Chinese investments in Indian startups have fallen this year following changes in foreign direct investment (FDI) rules that made prior government approval mandatory for investments from countries that share a land border with India.
Chinese investors had invested $166 million in Indian startups between January and July compared with $197 million in the year-ago period, data from deals analysis firm Venture Intelligence showed. Chinese investors had put in a total of $641 million in Indian startups last year.
The drop in investments follows the stricter government rules around foreign investments from neighbouring countries that came into force in April. The change was mainly aimed at restricting investments from China.
The investment head of a large Chinese investor said he will not invest further in India until there is more clarity. He declined to be identified.
“Chinese investors who had been looking at companies in the consumer Internet space, as well as some elements of deep tech, wanted to close those deals as soon as possible,” said Siddarth Pai, founding partner of 3one4 Capital. “After the Press Note 3 announcement was made, a number of these deals got put into the backburner because of the uncertainty generated by it,” he added.
However, Pai added that Chinese investors continue to remain excited about the India startup opportunity. “I don’t foresee their enthusiasm going away anytime in the future unless of course, there are political considerations that come into the picture from either side,” said Pai.
It is not just Chinese investors who have paused new investments. Given the regulatory uncertainty, some startups are saying no to Chinese investments. Varun Saxena, the founder of homegrown short-video app Bolo Indya, said his company has decided not to take any Chinese investments till the regulatory scenario becomes clearer.

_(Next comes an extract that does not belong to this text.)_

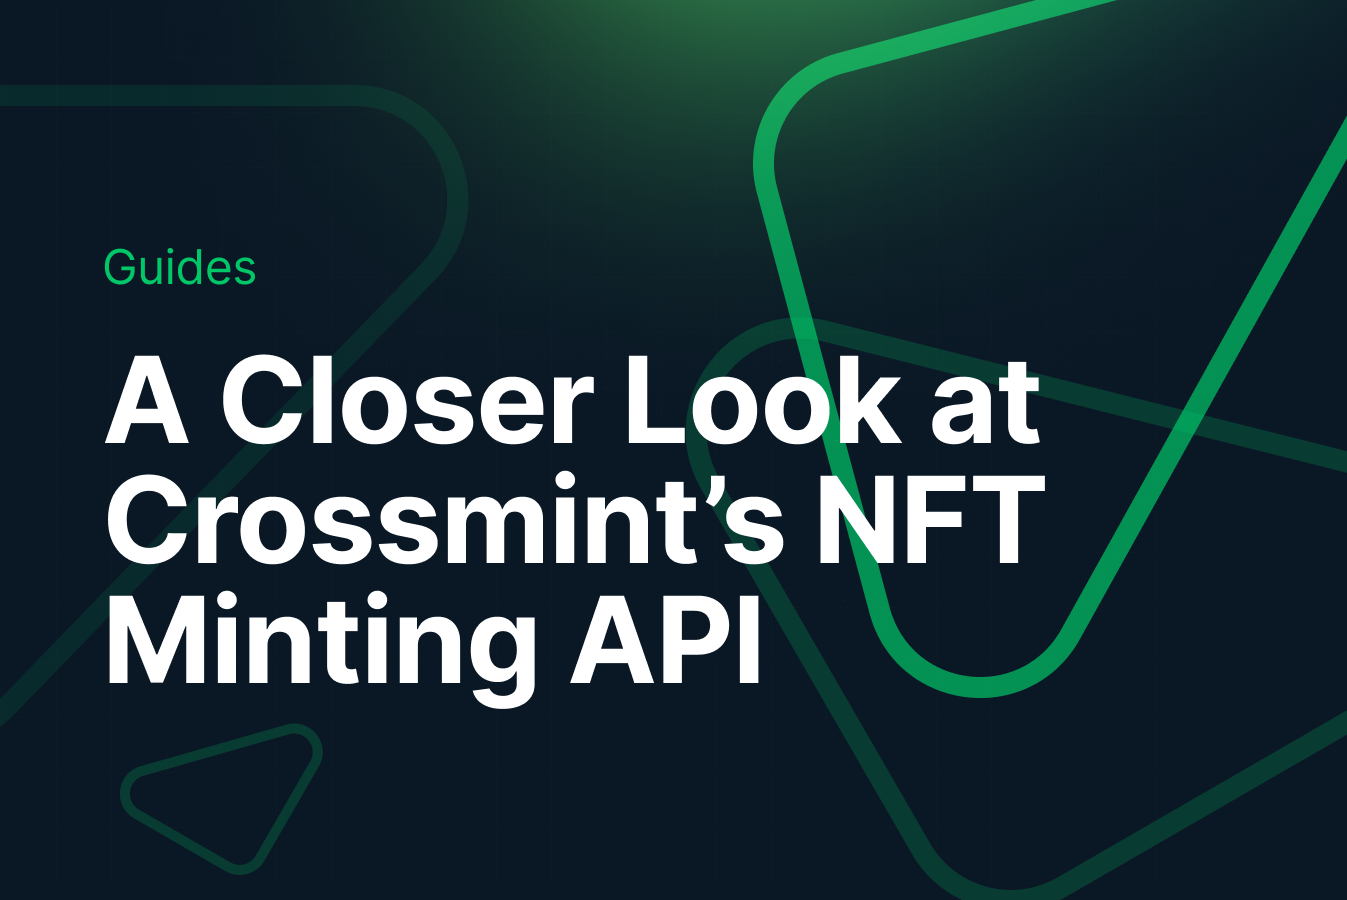 A Closer Look at Crossmint’s NFT Minting API
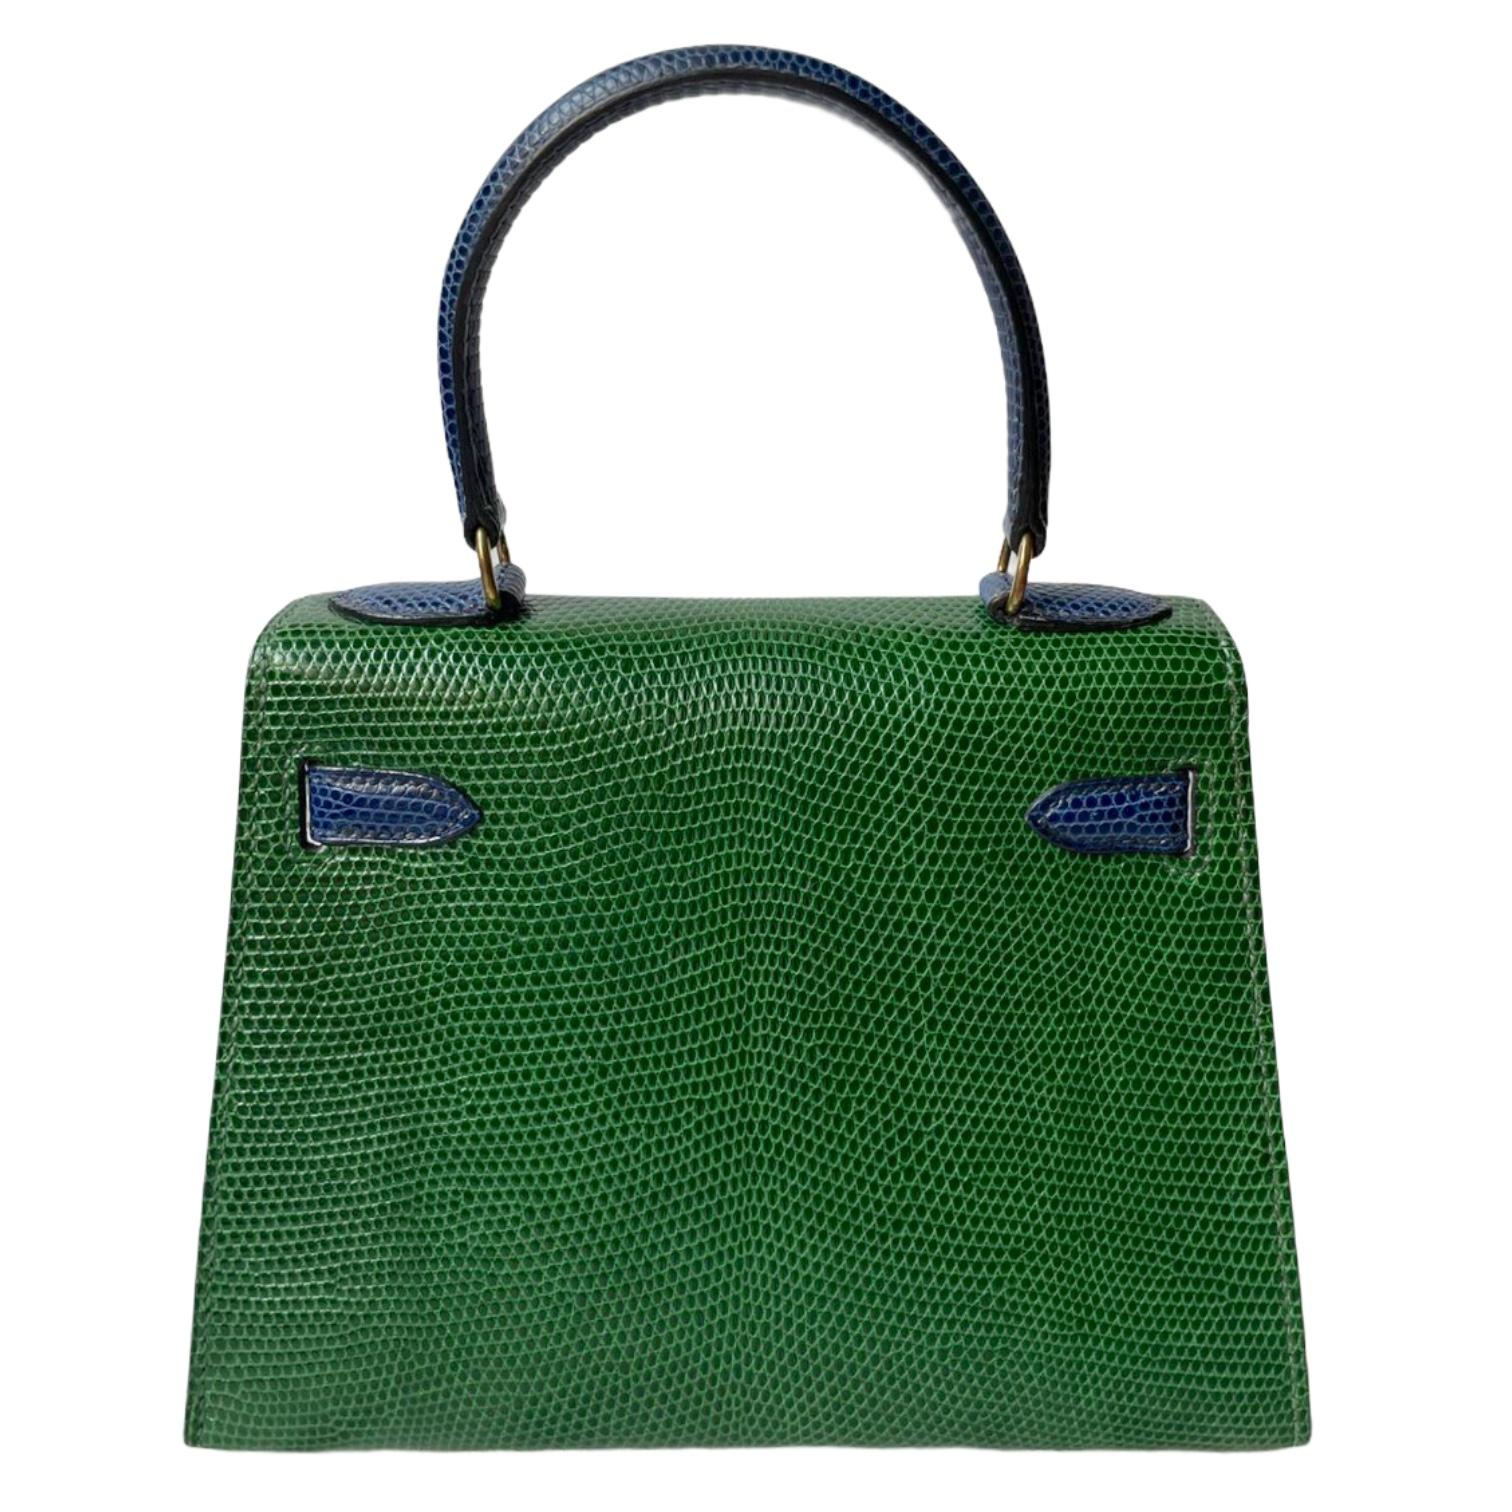 Hermès Kelly 20cm Tri-color Vert Moyen, Blue Saphire, Rouge Lizard Gold Hardware 6

That may, however, not be an easy solution for the startups either. Even American and European investors who are investing in India are facing hurdles because several of them have raised some amount of money from Chinese firms.
“Merely as a result of minority participation from certain Chinese limited partners whose interests in these pooled investment funds are simply passive with no ability to control or direct the operations of the funds, such private equity funds despite not having their origin under any land border country, are also being required to needlessly seek prior government approval before making an investment in India. In fact, several applications from various private equity and VC funds for seeking clarifications/approval are currently pending with the government,” said Varun Kakkar, partner at law firm L&L Partners.
The government hasn’t yet clarified on the thresholds that will be used to determine which investments need to go through an approval process. Many investments have been delayed due to this lack of clarity.
Chinese investors have played a significant role in funding Indian startups over the past few years.
Venture Intelligence’s data shows that they spend $1.34 billion and $1.38 billion on Indian startups in 2017 and 2018, respectively. Between 2019 and 2020, big-name startups like Udaan, Delhivery, Swiggy, BigBasket and Meesho have had funding rounds including Chinese companies like Tencent, Hillhouse Capital, Fosun Group, Tencent, Alibaba and Shunwei Capital.